Target: at least 2x the SD card’s capacity in free space on the Windows destination drive. 32 GB source card = ensure 64 GB free on C: (or wherever) before starting Read.
Fix 5: Try 7-Zip Compression for Storage, Then Restore
If you have the IMG but it’s too big for the destination card, and can’t easily shrink with PiShrink (non-Pi image), a partial workaround: write the IMG to a bigger temporary card, boot the Pi once, let any auto-expand/setup happen, then use SD Card Copier (on-Pi) or dd with smaller block sizes to migrate to the intended smaller card.
Workaround chain: IMG → bigger SD → boot → SD Card Copier → smaller SD. Takes longer but avoids modifying the IMG.
Alternative: if you just need to store the IMG compactly, 7-Zip it. pi.img at 8 GB compresses to ~2 GB as pi.img.7z. For long-term storage or transfer. But you’ll need to decompress before flashing.
Decision Tree
You’re seeing “Not enough space” in Win32 Disk Imager. Which fix?
- Is this a Write (IMG → SD) or Read (SD → IMG) operation?
If Write:
- Check IMG file size vs destination SD card byte count. If IMG > card, shrink IMG (Fix 1 for Pi images, Fix 2 for others) or use bigger card (Fix 3).
- If sizes are similar but still doesn’t fit, test SD card with h2testw for counterfeit / damage (Cause 3). Replace if fake.
If Read:
- Check free space on the Windows drive holding Image File output path.
- Free up space (Fix 4) or change path to a drive with more space.
- If still failing despite abundant space, try “Read Only Allocated Partitions” checkbox to reduce output size.
95% of cases resolve here. If not, the SD card or USB reader is probably failing, try different hardware.
Preventing the Error in the Future
Habits that avoid this error entirely:
- Always use “Read Only Allocated Partitions” when making IMG backups. Produces smaller IMGs that fit more destinations.
- PiShrink every IMG before archival. Adds 2 minutes but saves hours of troubleshooting later.
- Buy consistent SD card brands for sets. If all your cards are SanDisk Ultra 32 GB, they’re the same size. Mixing brands introduces variance.
- Keep 100+ GB free on C: so Read operations always have room.
- Buy slightly bigger destination cards than source for any migration. 64 GB source to 128 GB destination is safer than 32 GB to 32 GB.
When It’s Not Actually a Space Problem
Sometimes Win32 Disk Imager says “Not enough space” but there’s plenty of space. Possible alternative causes:
- Write-protected destination. SD card lock switch flipped. “Not enough space” is sometimes the generic error, real cause is write-protection. Check the physical lock slider.
- Sector-size mismatch. Unusual but seen on some industrial SD cards, the card uses 4096-byte sectors instead of 512-byte. Win32 Disk Imager’s size calculation gets confused.
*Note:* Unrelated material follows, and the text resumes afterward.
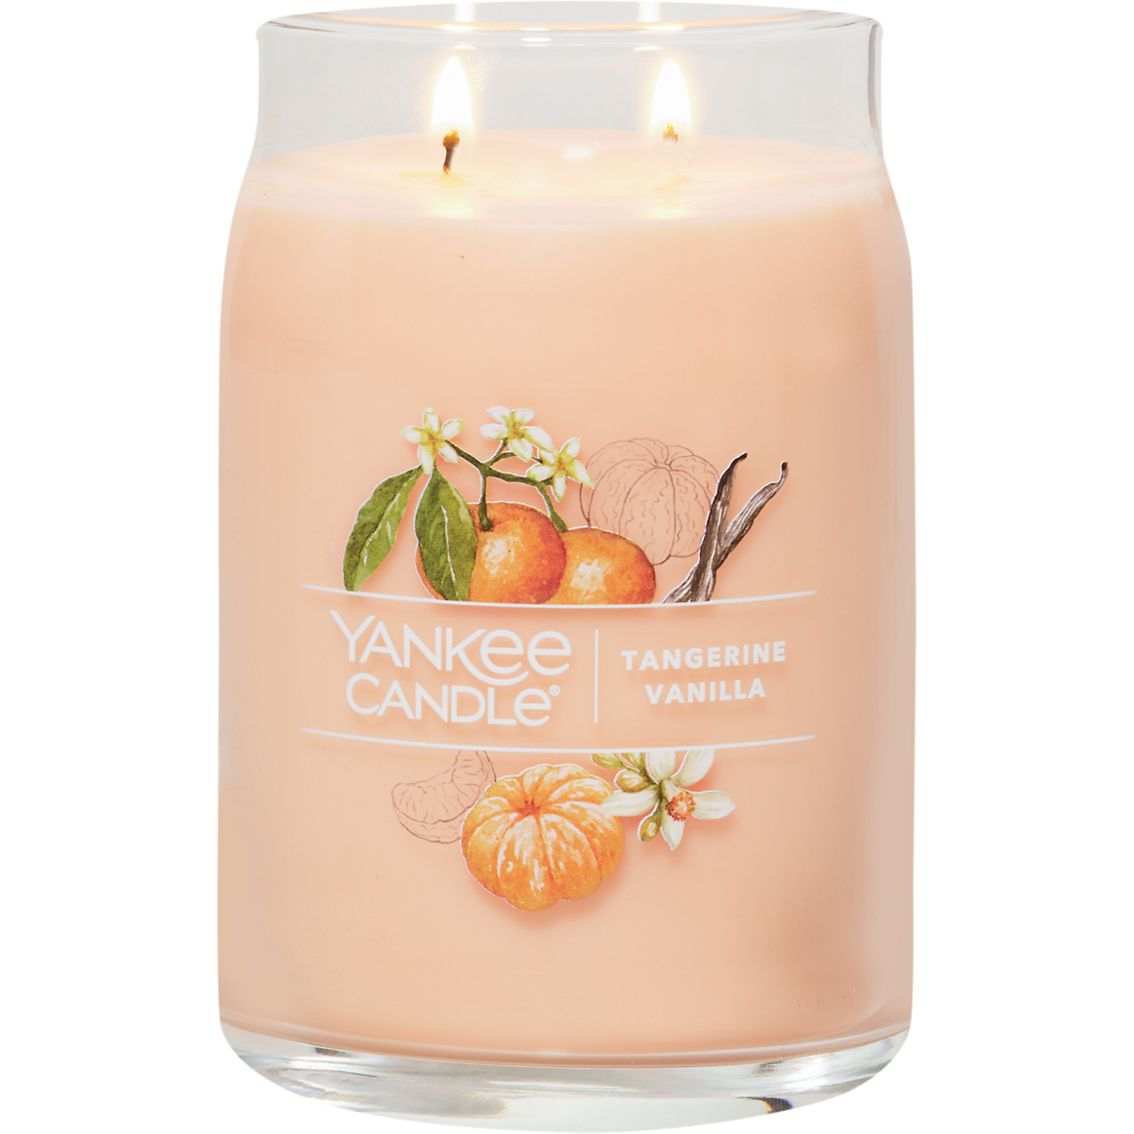 Yankee Candle Tangerine Vanilla Signature Large Jar Candle - Image 2 of 2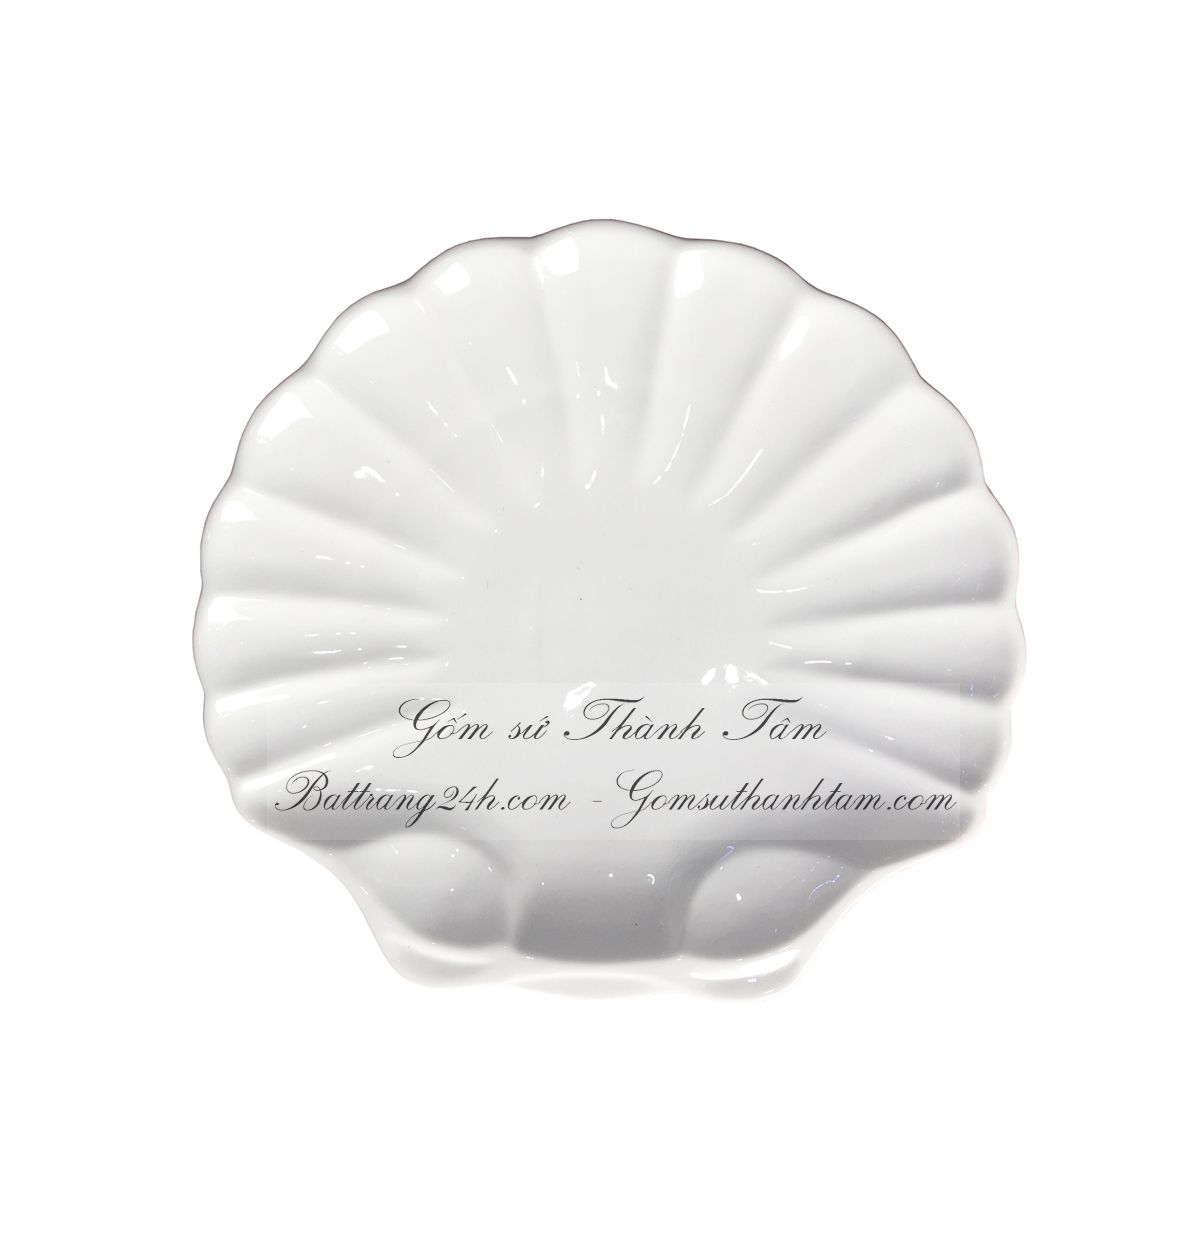 Bộ bát đĩa gốm sứ Bát Tràng đẹp nhà hàng coa cấp men trắng tinh, bộ bát đĩa sứ chất lượng giá rẻ

Workaround: use a different, standard SD card.
- Damaged partition table on destination. If the destination has weird metadata, Win32DI may compute wrong capacity. Format the destination fresh (FAT32 or NTFS) via Windows Format dialog, then retry Win32 Disk Imager.
- Controlled Folder Access blocking the write mid-operation. Not really “not enough space” but the error sometimes surfaces that way. See our Error 5 fix guide for CFA whitelisting.
The Underlying Math (For the Curious)
Why do SD card sizes vary so much for the “same” capacity? Three layers of math:
Layer 1: Decimal vs binary. Manufacturers sell “32 GB” = 32 billion bytes. Operating systems measure in binary, 32 GiB = 34.36 billion bytes. A “32 GB” card only has 29.8 GiB of space from the OS’s perspective. This is a fixed ~7% difference.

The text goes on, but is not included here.